Description
14C-Urea (or Pytest; 14C-Urea breath test) is a qualitative and non-invasive method for the diagnosis of Helicobacter pylori. It consists of 14C-labeled urea absorbed on sugar pellets. This not an imaging technology, but a simple biological radioactive diagnostic tool.
Clinical applications
14C-Pytest is a diagnostic procedure used to identify infections by Helicobacter pylori, a spiral bacterium implicated in gastritis, gastric ulcer and peptic ulcer that has the property to convert urea in carbon dioxide and ammonia. It is applied as a breath test. The radioactive substance is supplied in a capsule swallowed by the patient. If gastric urease from Helicobacter pylori is present, urea is split to form CO2 (carbon dioxide which is produce hence in its radioactive form) and NH3 (ammonia). A breath sample taken ten minutes after ingestion allows the measurement of it content in 14C-CO2 by analysis in a liquid scintillation counter. Content is directly proportional to the infection.

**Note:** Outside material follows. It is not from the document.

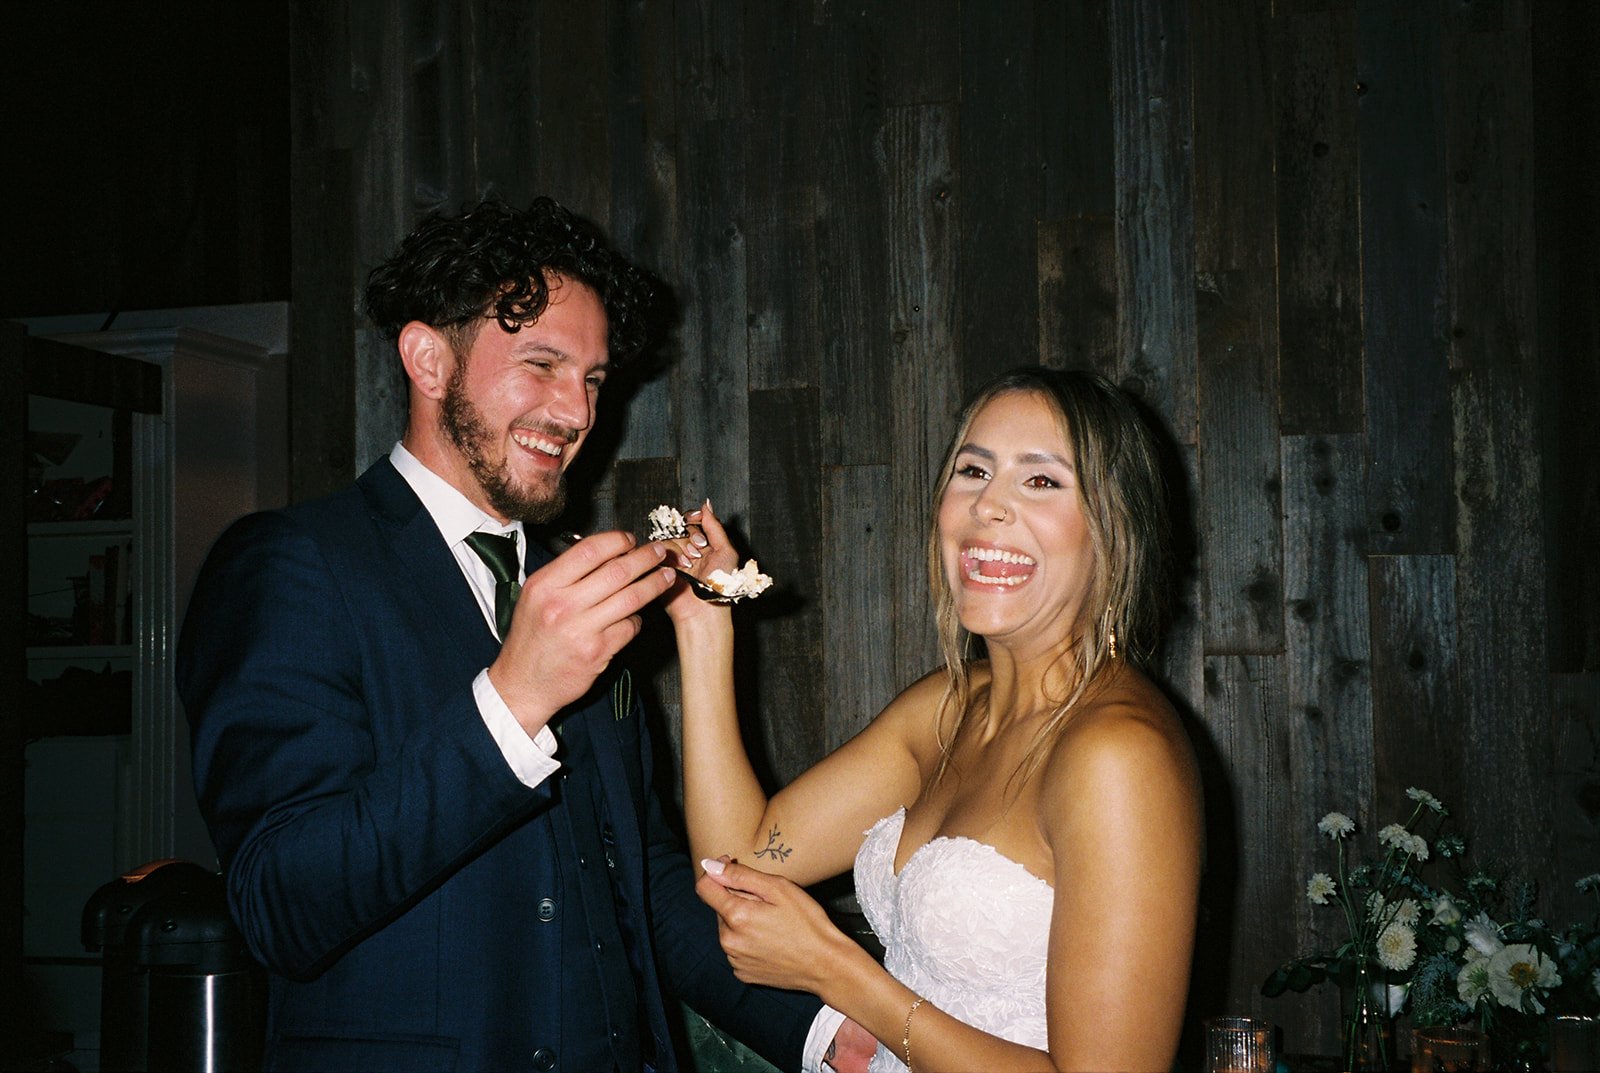 Film photos of bride and groom eating wedding cake

Dose per patient is in the range of 1 µCi.
Availability
This product is readily available from Avanos Medical, Inc (formerly Halyard Health, Inc.).
Competition
Urea labeled with non-radioactive Carbon-13 (13C-Urea) allows obtaining the same information, but needs access to a mass spectrometry device instead of a scintillation counter. Helibacter pylori can also be detected by the ‘rapid urease test’ (Campylobacter- like organism test – CLO-test) that is performed at the same time of gastroscopy.
Comments
14C-Pytest can definitely not be considered as a nuclear medicine test, but it is the most used radioactive test in which a radioactive substance is provided to a patient without the aim to generate an image or to cure. As the handling of radioactive substances needs a certain expertise and environment, nuclear medicine departments can be asked to handle these patients. However, Urea breath test is not a nuclear medicine procedure and must be considered only as a biological test. Let us also mention here Radio-Immuno Assays (RIA) in which liquid, cell or tissue samples are tested ex-vivo with radioactive reagents mainly based on 3H, 125I or 32P. In this type of tests, the patient never enters in contact with radioactivity or the radioactive substances. RIA is out of the scope of this report and definitely does not belong to the Nuclear Medicine field.